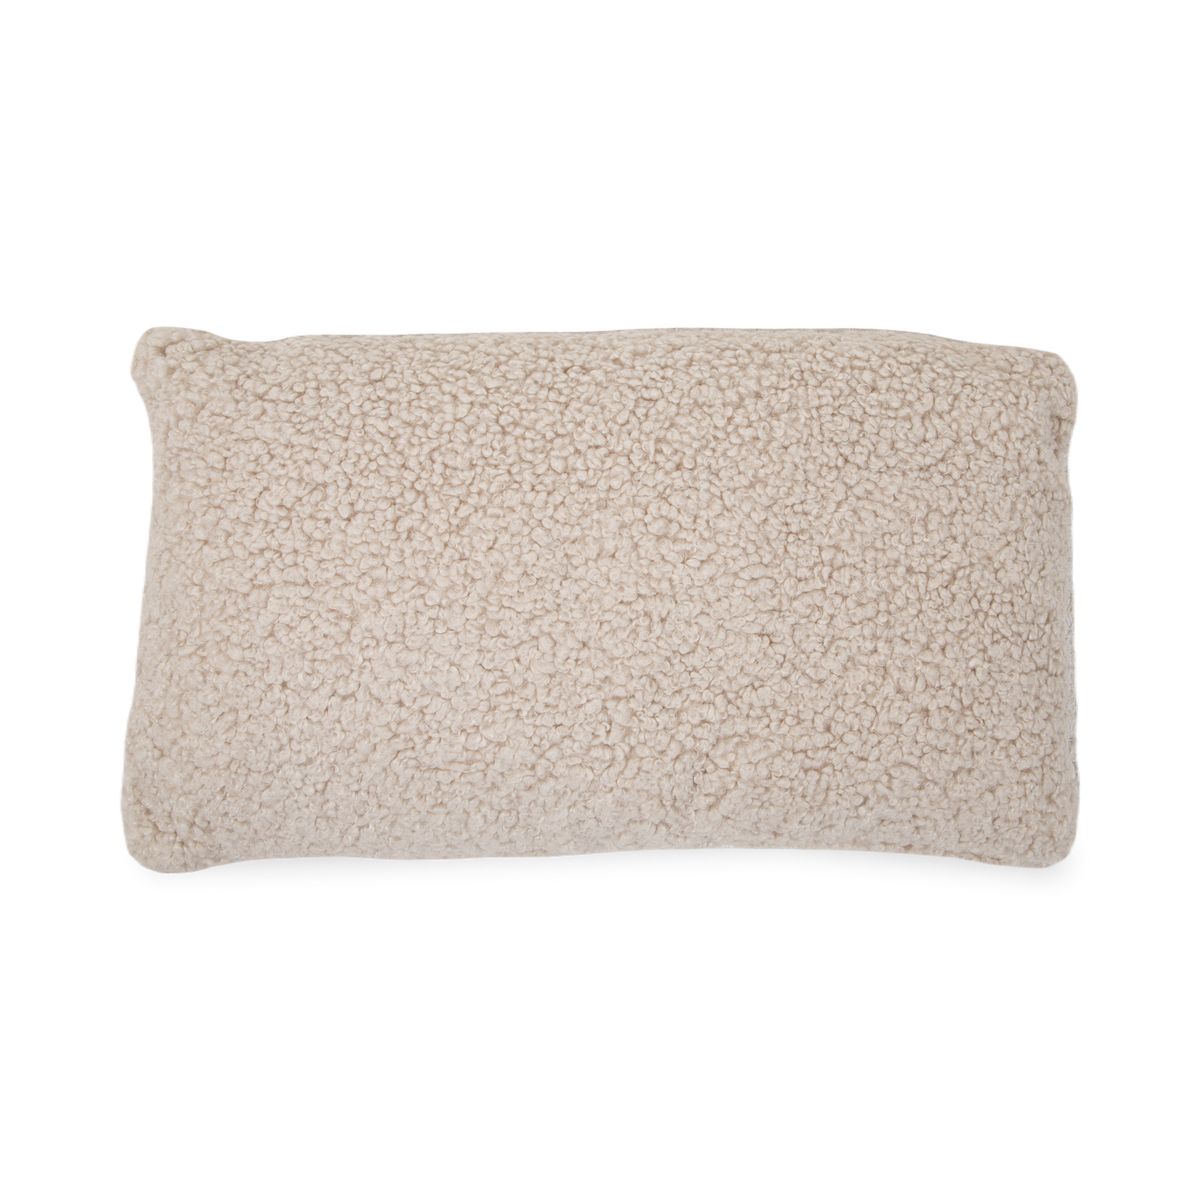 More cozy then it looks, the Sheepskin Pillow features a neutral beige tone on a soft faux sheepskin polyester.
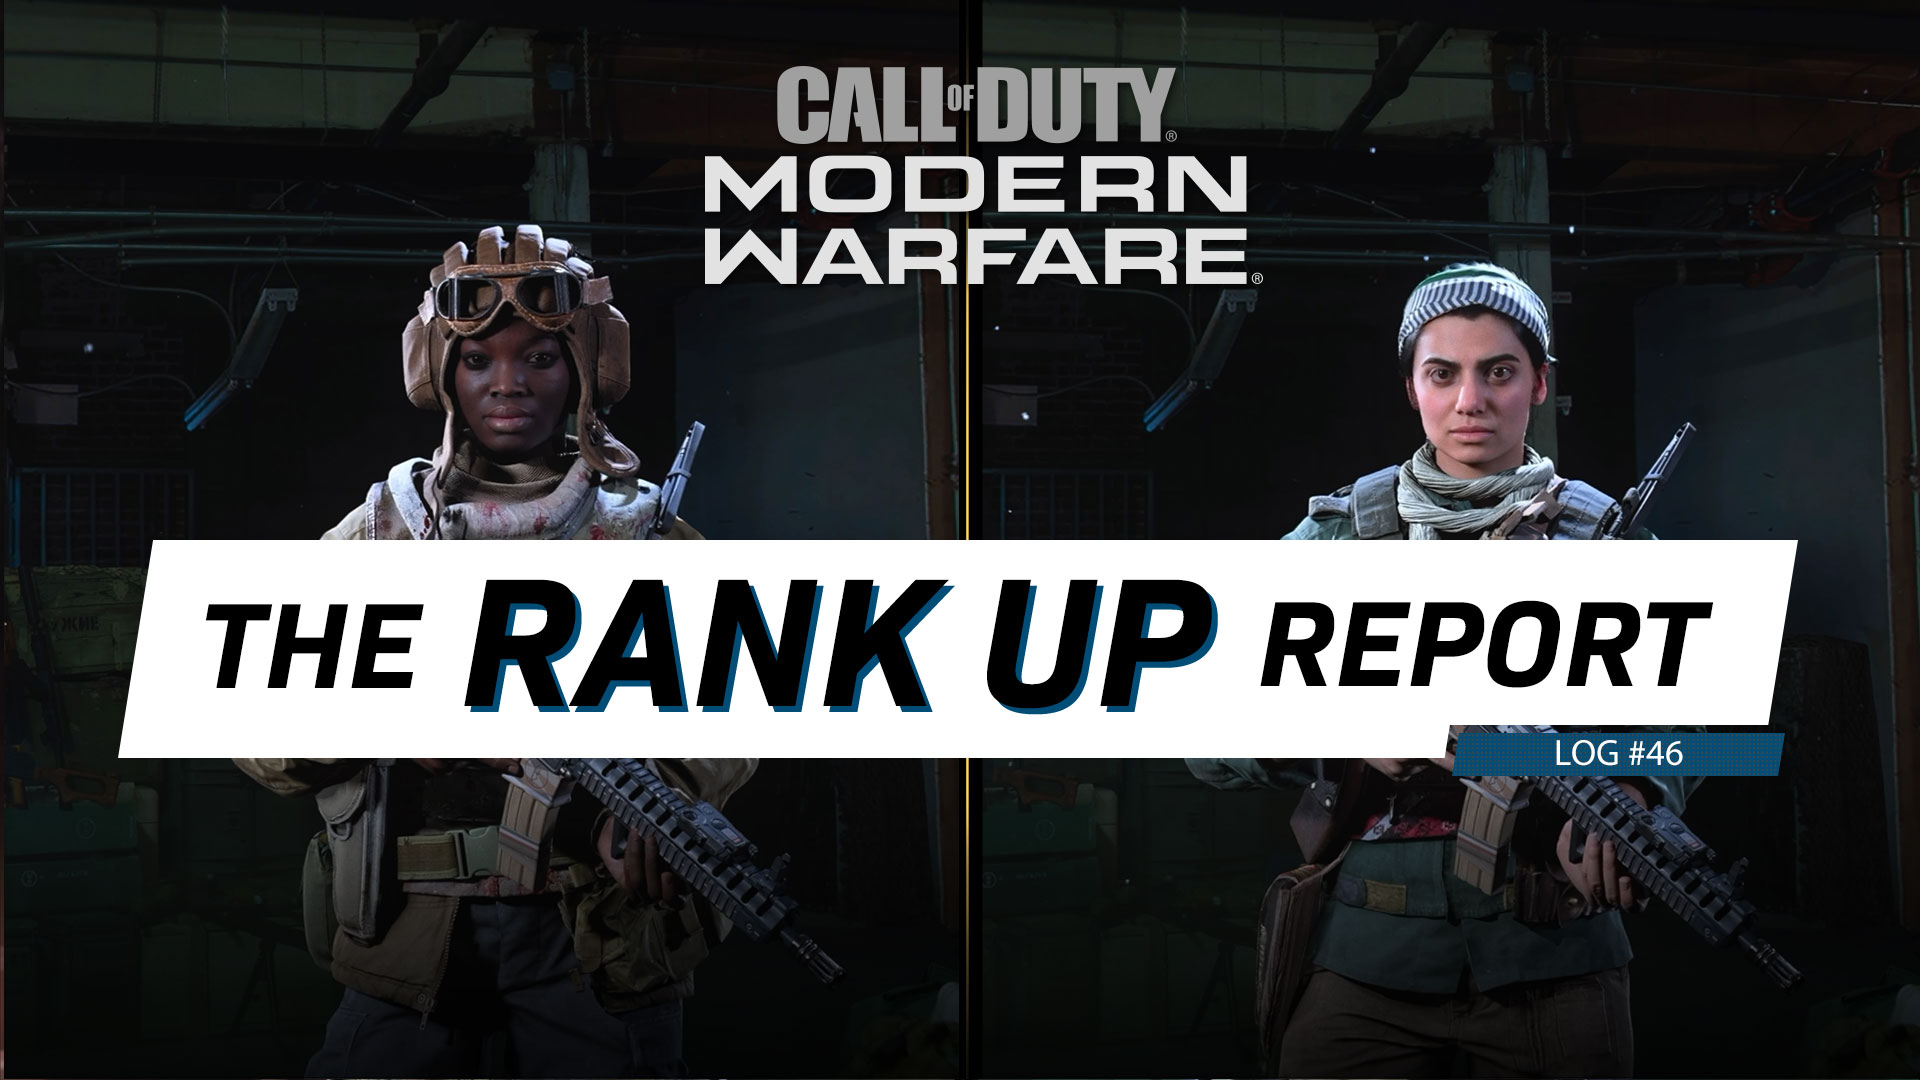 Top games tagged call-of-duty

--

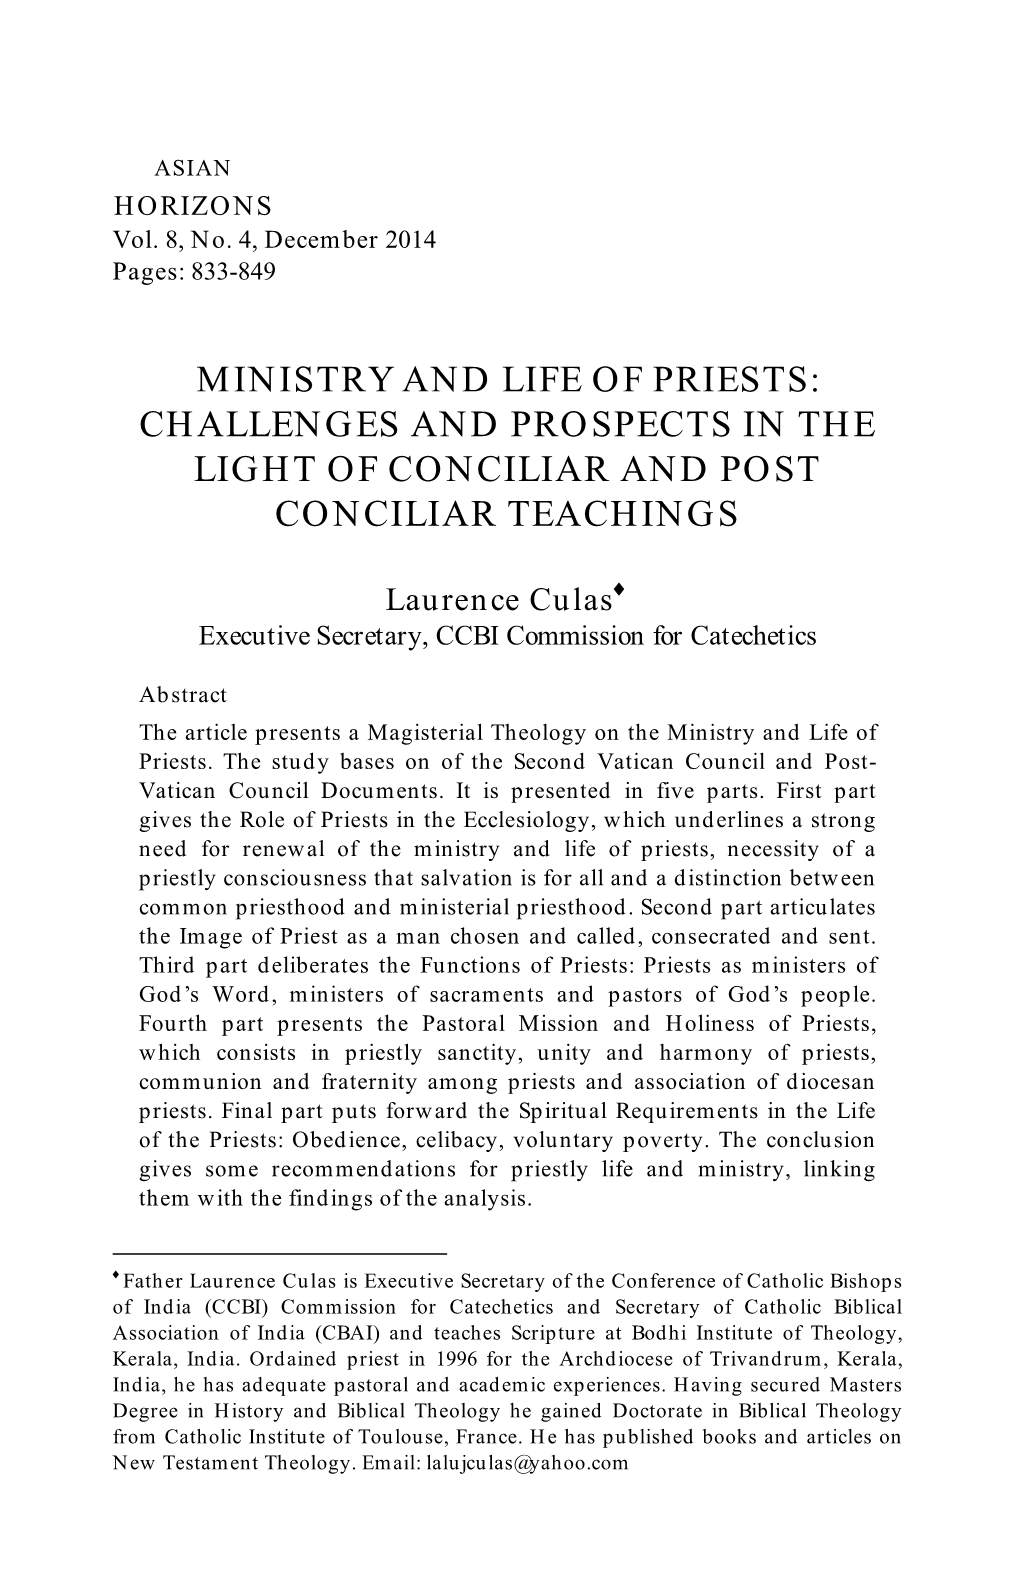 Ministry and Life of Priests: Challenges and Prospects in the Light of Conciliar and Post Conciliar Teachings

* [WHAT IS BEING ASKED]
Set the pictures aside and retype exactly the lines above from the line with "More cozy then" to the line with "Top games tagged call-of-duty", both included, adding no others.

* [RESPONSE]
 More cozy then it looks, the Sheepskin Pillow features a neutral beige tone on a soft faux sheepskin polyester.
 Top games tagged call-of-duty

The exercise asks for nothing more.